I have no idea if it's true or not but I heard the rumours irl looooong before they ever got online. That absolutely does not mean it's true, but it's strange that there's such an aggressive and seemingly coordinated push to pretend that Giles Coren originated the rumour, or that girl on Twitter who was a Meghan fan originated the rumour, and to link the rumour to Meghan when it predates her relationship with Harry.
I tried to look for gossip on Twitter and I found something like 50 tweets all sent from separate accounts saying (with basically identical wording) "Giles Coren admitted he made it up after a lunch with Meghan." That to me is far far more suspicious and interesting gossip-wise than Will and Rose, who is the person orchestrating for 50 separate Twitter accounts to copy and paste the same lie? Only someone with an agenda uses astroturfing to that extent.
It's scary, because okay it might just be celeb gossip to most people, but all the stuff with Trump and Jan 6th and fake news and social media shows how very dangerous it is for people to manipulate the general public/social media by astroturfing lies. It's so easy to create a lie just by making a few dozen Twitter accounts pretending to be lots of different people and tweet the same lie from all of them. It's scary how gullible people are that they see a lie repeated over and over, and don't question to check for themselves.
I detest Giles Coren but anyone can google and read both his original tweet and his "retraction", which wasn't really a retraction at all. (The retraction, which has been framed as "Giles admitted he made it up" literally just said something like "I'd been at a boozy lunch for journalists where everyone was discussing the rumour, got drunk, and tweeted. I don't know William so I have no idea if it's true or not.") Now he'd obviously been told to retract as his original tweet caused such a shitstorm, but that's pretty interesting wording for a "retraction", isn't it?

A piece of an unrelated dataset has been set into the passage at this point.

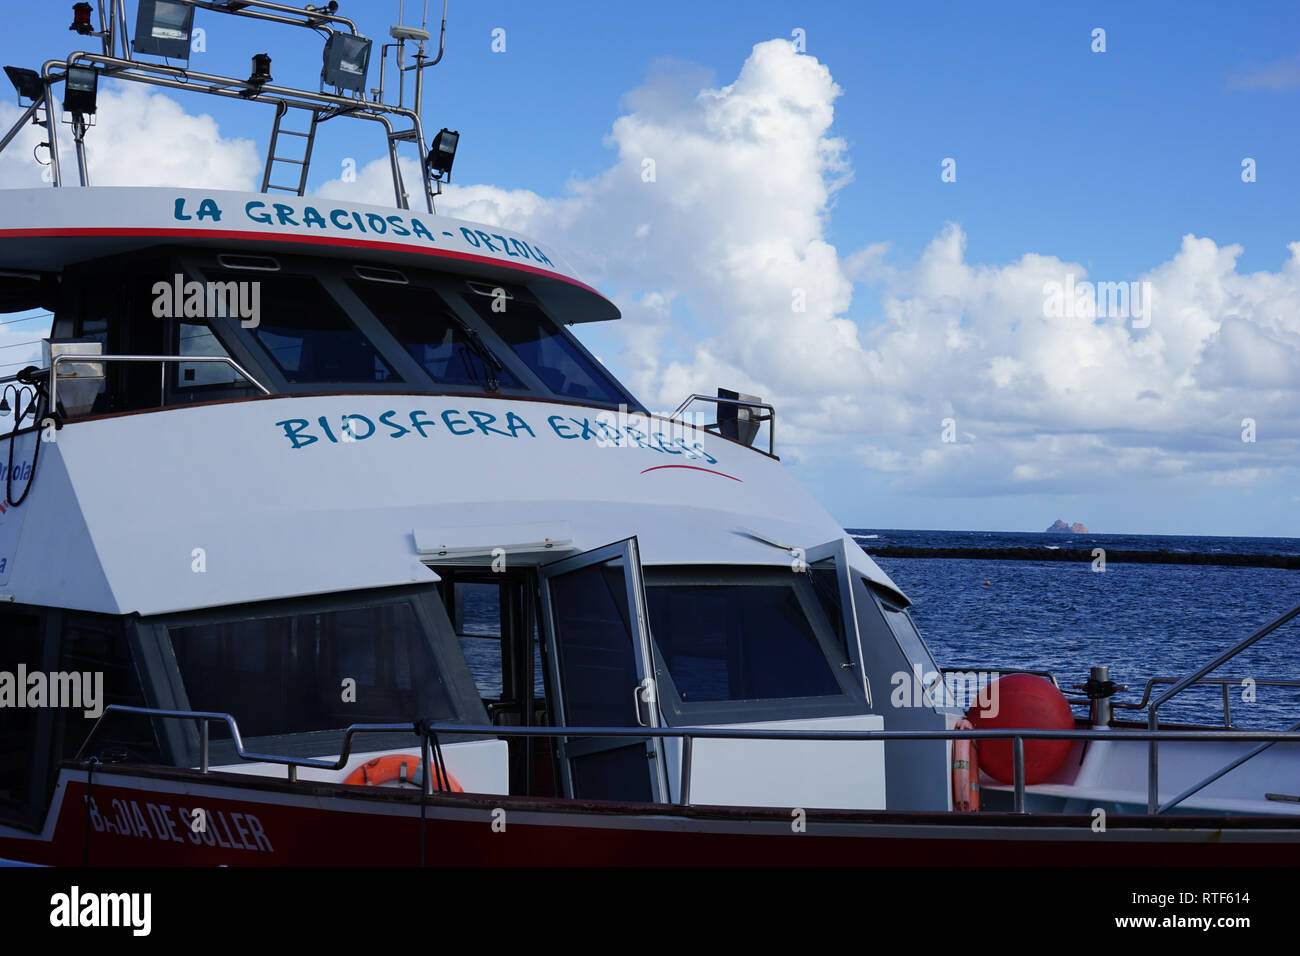 Biosfera Express, Personen-Fähre nach La Graciosa, Hafen von Orzola, Lanzarote, Kanarische isole Foto Stock
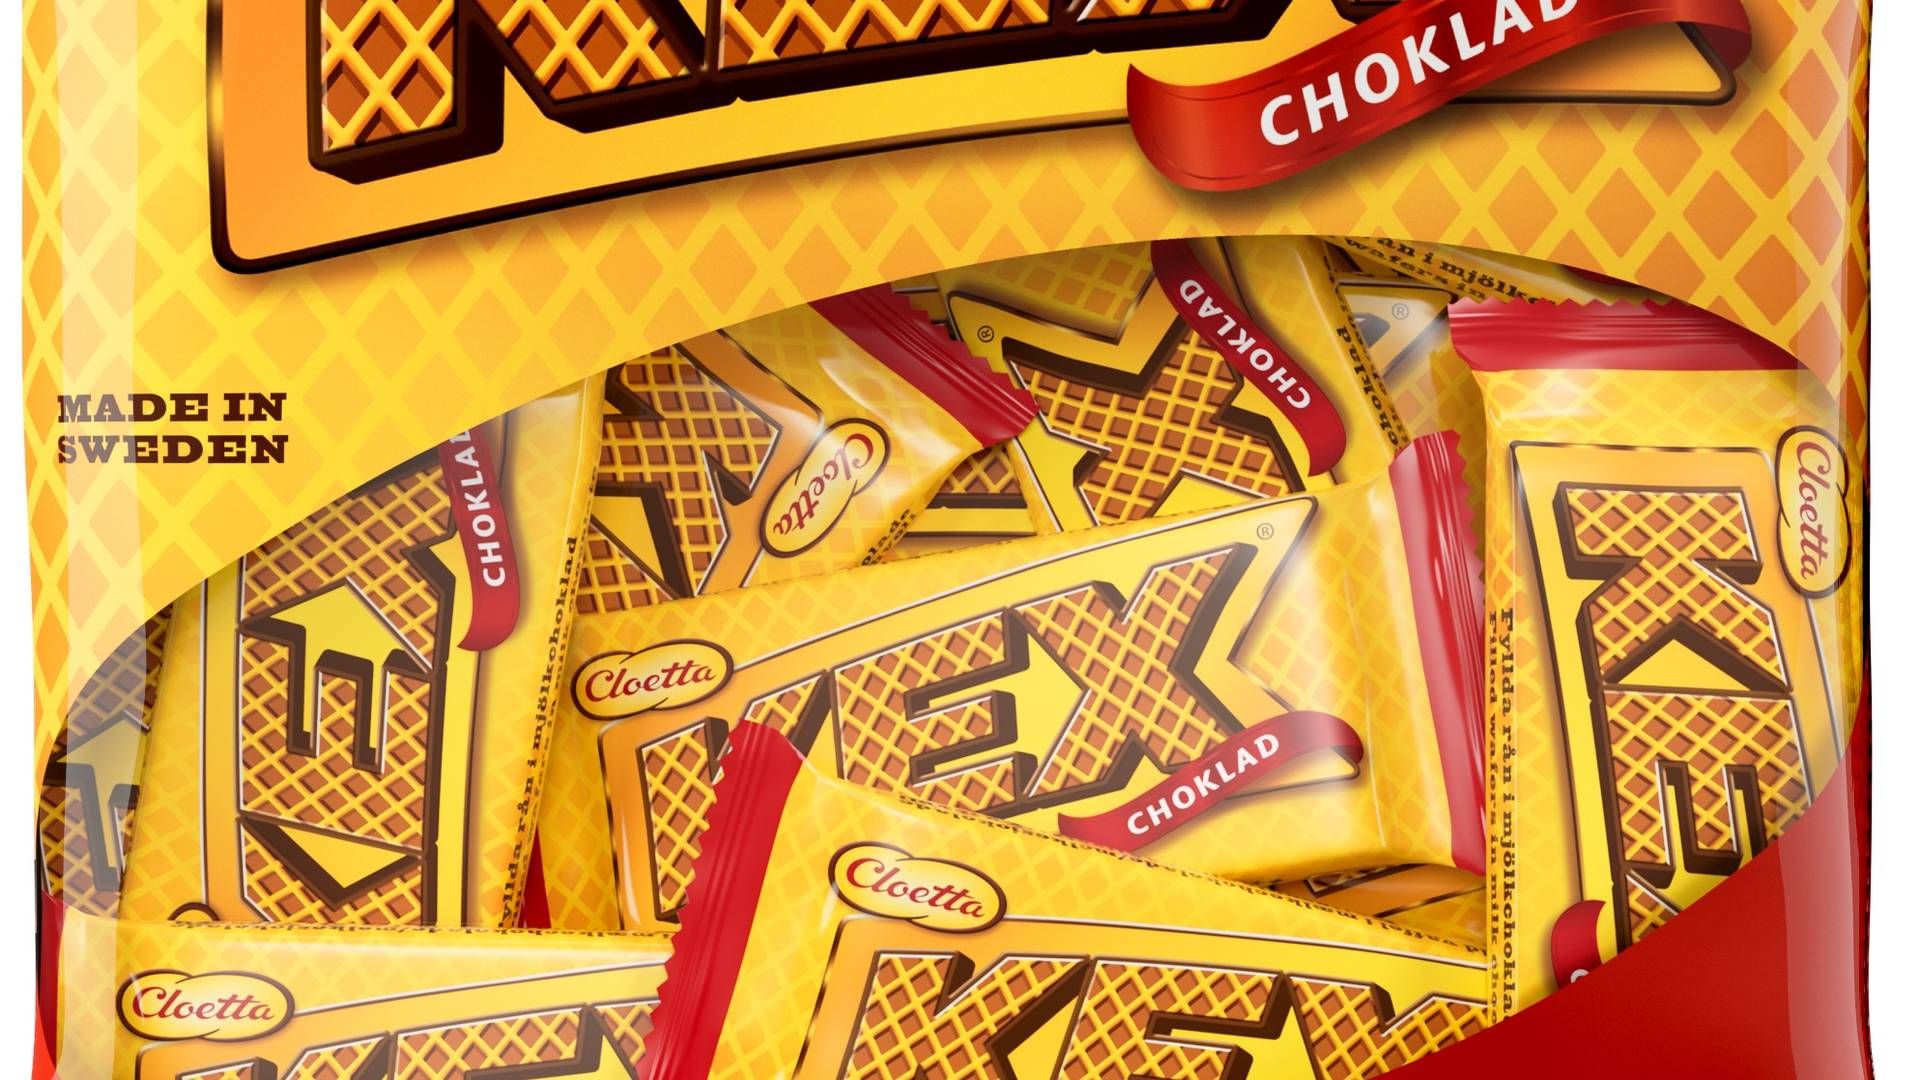 Svenske Cloetta producerer blandt andre produkter som Kex, Center og Polly med chokolade. | Foto: Pr/ Cloetta

Giles managed to shoehorn in the fact an entire room of journalists were discussing the affair rumour (so the exact opposite of "Giles admitted he made it up" - clearly Giles wasn't the originator, if he learned it from a roomful of journalists), and he made a point of saying he didn't know if it was true or not.
I do wonder why Giles felt the need to mention that the affair is being widely discussed by journalists in his "retraction"?
And I wonder where the "Giles admitted he made it up after a lunch with Meghan" statement being astroturfed on Twitter came from, since Meghan very obviously wasn't at a lunch for journalists.
The other aspect is that everyone is focusing on Giles and never mentions Tom Sykes, who actually wrote a full article about the affair saying an earl's daughter had told him during a fancy dinner that William was having an affair with Rose, and that he'd subsequently had the affair confirmed by two other people he considered reliable sources. Tom Sykes is an actual aristocrat (he's the great-grandson of 6th Baronet, Sir Tatton Mark Sykes, and his family were close friends with the former King) and a full-time royal reporter. He's also very anti-Meghan, which demolishes the idea that Meghan was behind the story.
It's also weird how much Rose's brother's press statement (saying that William and Rose are close platonic friends and often have dinner together just the two of them) has been hushed up. Even on gossip blogs, no one ever mentions Tom's article or Rose's brother's statement, all the attention goes to Giles which I'm sure he loves but doesn't deserve, since he really is very irrelevant. What's the agenda in trying to detract attention away from Tom's article and Rose's brother's statement and onto Giles's silly tweets?